20) A method according to claim 19 including the step of machining formations on said one face after said foam is formed in said pockets.
21) A method according to claim 19 or 20 wherein said foam is preformed and inserted in to said bores.
22) A method according to claim 21 wherein said pocket is tapered and said foam is preformed with a complementary taper.
23) A method according to claim 21 where said foam is inserted in said pocket as a pair of portions and retained in said pocket by a wedge acting between said portions.
24) A method according to claim 23 wherein said wedge is a foam inserted between said portions.
25) A log having an elongate body with a pair of oppositely directed wall faces extending between a pair of oppositely directed sealing faces, a plurality of pockets extending from one of said sealing faces into said body and uniformly spaced along said body, said pockets being separated from one another by lands extending continuously between said wall faces each of said pockets having a dimension measured in a direction transverse of said walls that is not less than 50% of the spacing between said walls, said pockets and lands being dimensioned relative to one another to preserve the structural integrity of said log and to maintain relative spacing of said wall faces.
26) A log according to claim 25 wherein said lands have a dimension measured along the longitudinal axis of said log less than the corresponding dimension of said pocket but greater than the spacing of said wall faces from a periphery of said pocket.

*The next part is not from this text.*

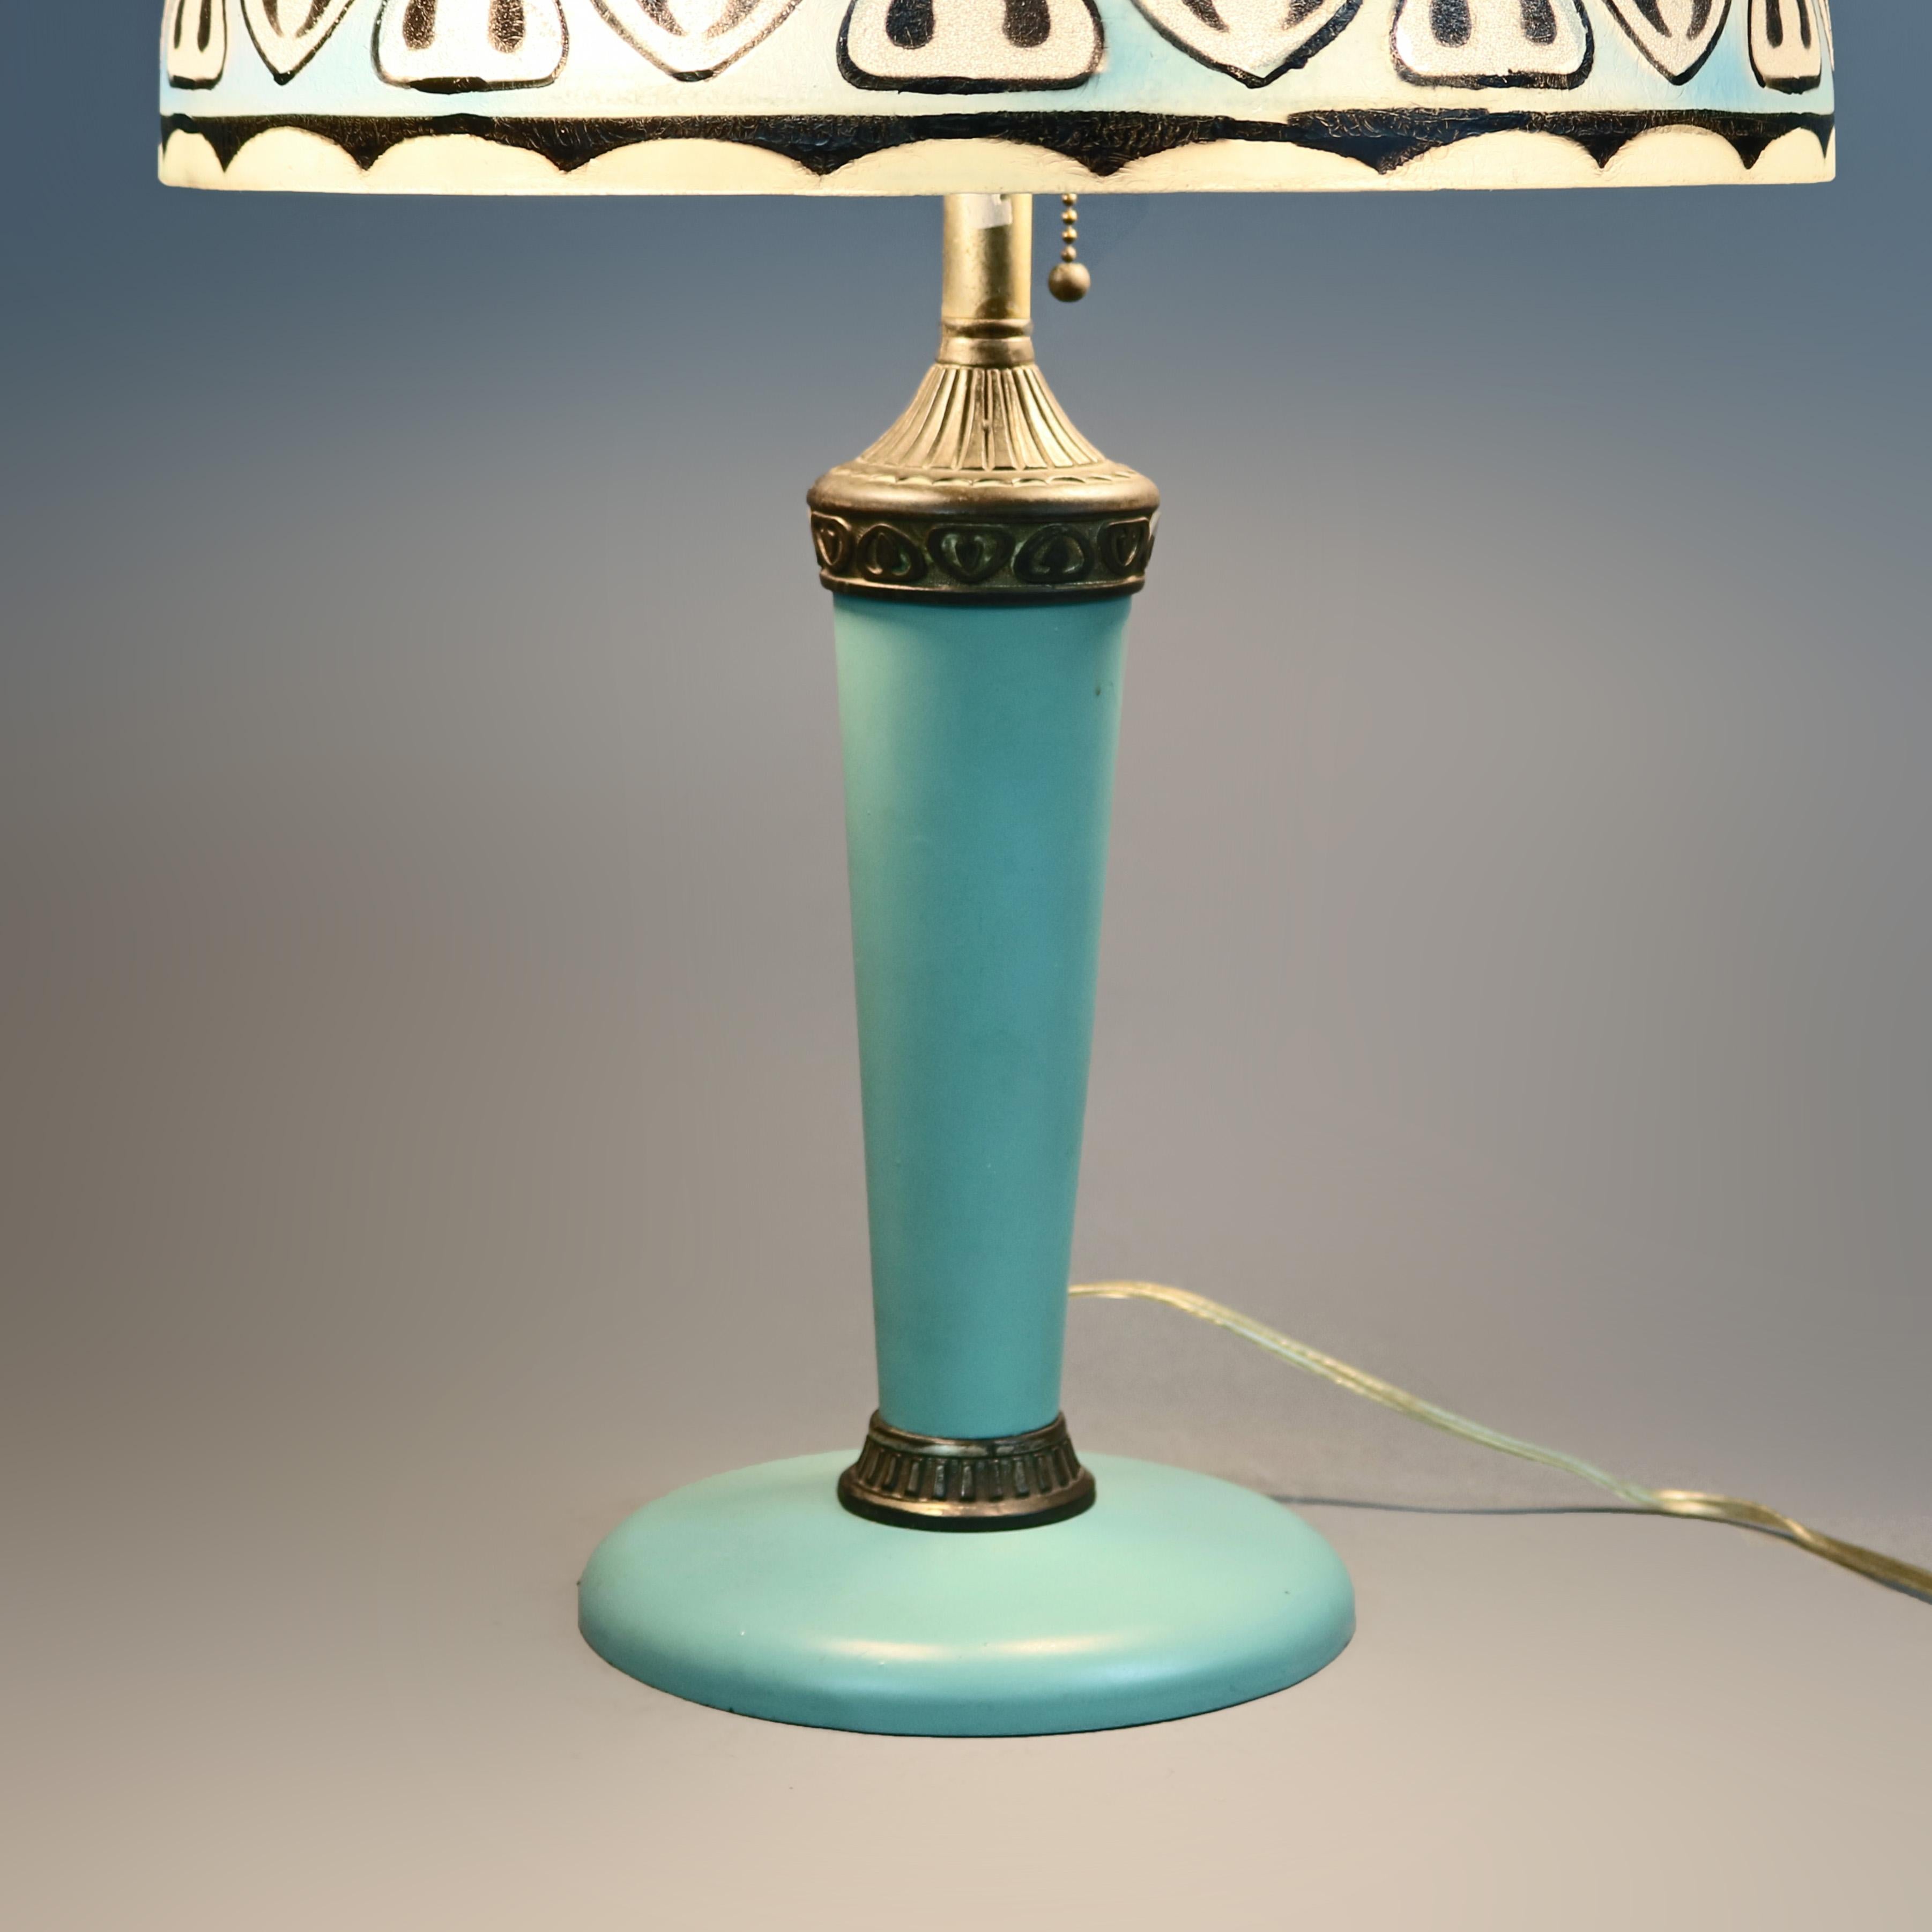 20th Century Antique Arts & Crafts Pittsburgh Reverse Painted Lamp, circa 1920

27) A log according to claim 25 or 26 wherein said pockets have a combined volume that is at least 20% of the volume of said log.
28) A log according to any one of claims 25 to 27 wherein said pockets have a transverse dimension at least 50% of the longitudinal dimension.
29) A log according to any one of claims 25 to 28 wherein said sealing face has sealing formations formed thereon for engagement with a complimentary formation on an adjacent log.
30) A log according to any one of claims 25 to 29 wherein said pockets extend between said sealing faces.
31) A log according to any one of claims 25 to 30 wherein said pockets are of substantially constant cross section.
32) A log according to any one of claims 25 to 30 wherein said pockets taper.
33) A log according to any one of claims 25 to 32 wherein said pockets are distributed and sized to provide an increased thermal rating of said log to at least R16 when said pockets are filled with foam.
34) A log according to any one of claims 25 to 33 wherein said pockets are billed with foam.
35) A log according to claim 34 wherein said foam is preformed and inserted in to said pockets as plugs.
36) A log according to claim 35 wherein a pair of plugs is inserted in a pocket and retained by a wedge spreading said plugs.
37) A log according to claim 35 wherein said plug and pocket are tapered and said plug is retained by interference between said pocket and said plug.
38) A log according to any one of claims 25 to 37 wherein terminal portions of said body are devoid of pockets.
39) A log according to any one of claims 25 to 38 wherein said pockets are circular.
40) A log according to any one of claims 25 to 38 wherein said pockets are square.
41) A log according to any one of claims 25 to 38 wherein said pockets are oval.
42) A building including at least one log according to any one of claims 25 to 41.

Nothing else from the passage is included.